- Task instructions -
Where the data below contains pictures, omit them; output the rest word for word.

- Supplied material -
+ + + + +
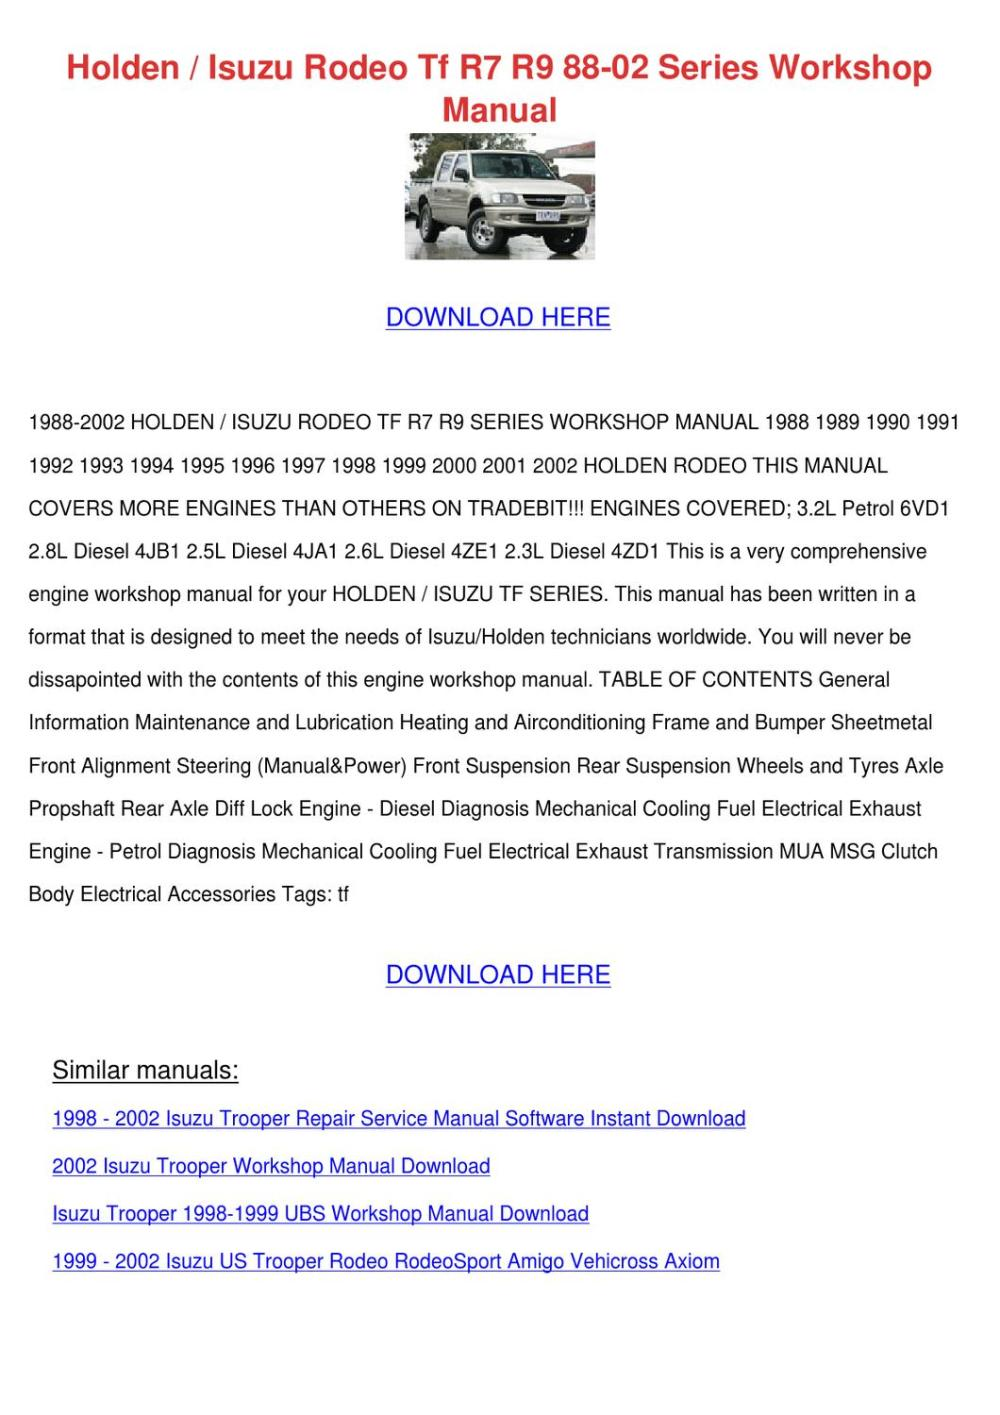 medium resolution of holden isuzu rodeo tf r7 r9 88 02 series work
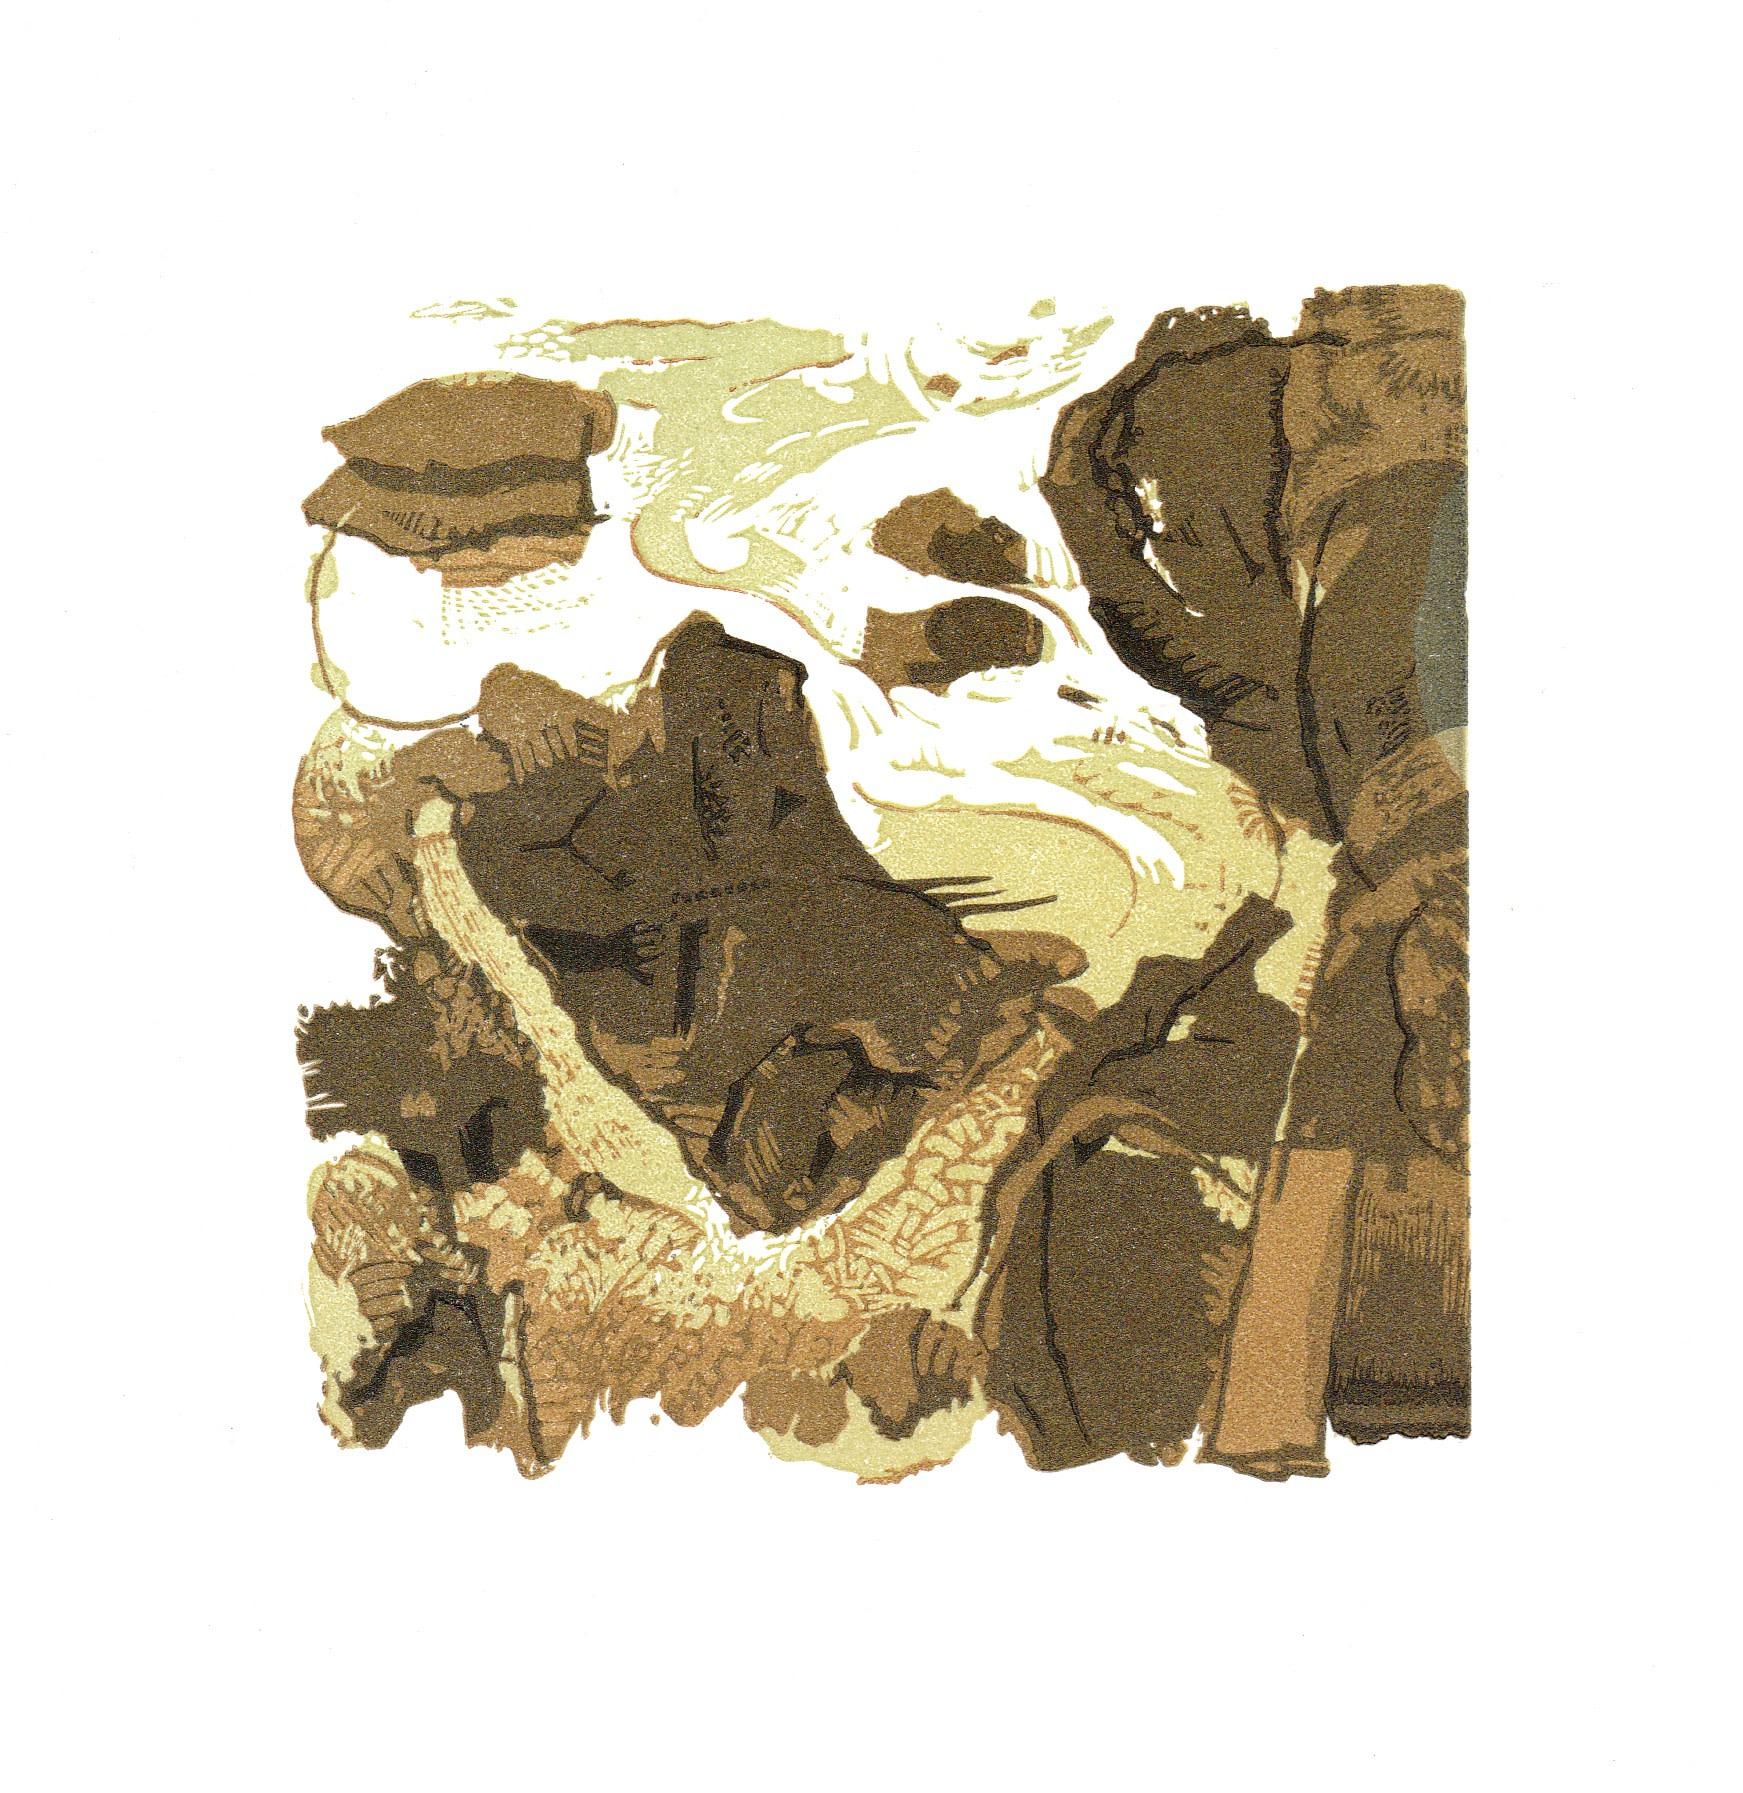 "<span class=""link fancybox-details-link""><a href=""/exhibitions/23/works/artworks_standalone11336/"">View Detail Page</a></span><div class=""artist""><span class=""artist""><strong>Roy Willingham RE</strong></span></div><div class=""title""><em>The Rocks and River - warm version</em></div><div class=""medium"">linocut</div><div class=""dimensions"">30 x 21 cm paper size<br>10 x 10 cm image size</div><div class=""edition_details"">1/1</div>"
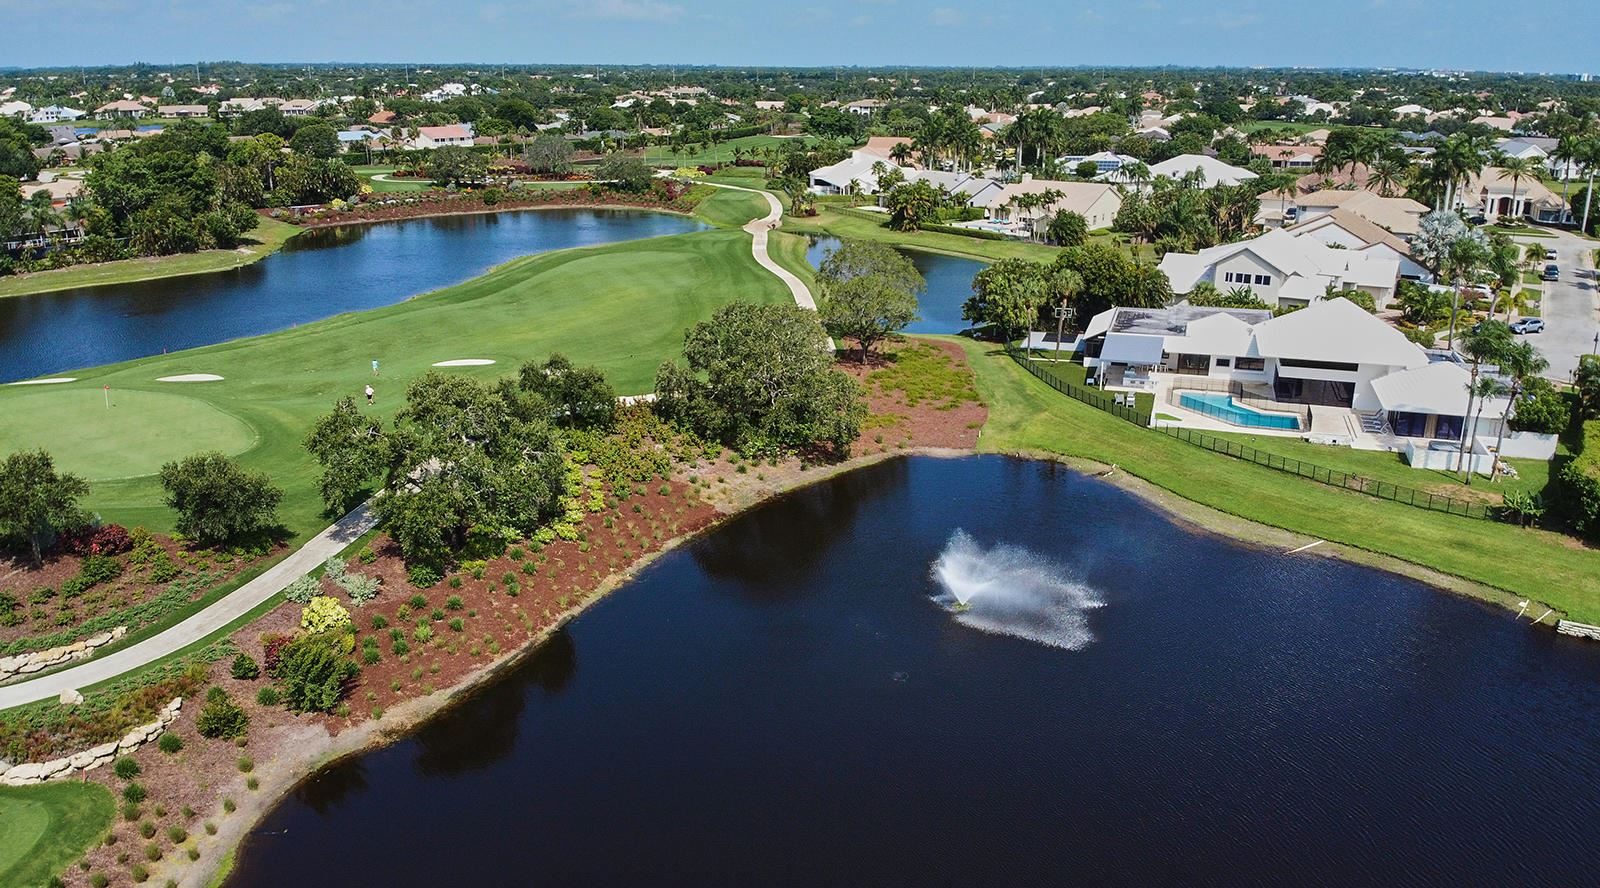 17207 Shaddock Lane, Boca Raton, FL 33487 - #: RX-10625503
+ + + + +
- Exercise result -
 medium resolution of holden isuzu rodeo tf r7 r9 88 02 series work
 "<span class=""link fancybox-details-link""><a href=""/exhibitions/23/works/artworks_standalone11336/"">View Detail Page</a></span><div class=""artist""><span class=""artist""><strong>Roy Willingham RE</strong></span></div><div class=""title""><em>The Rocks and River - warm version</em></div><div class=""medium"">linocut</div><div class=""dimensions"">30 x 21 cm paper size<br>10 x 10 cm image size</div><div class=""edition_details"">1/1</div>"
 17207 Shaddock Lane, Boca Raton, FL 33487 - #: RX-10625503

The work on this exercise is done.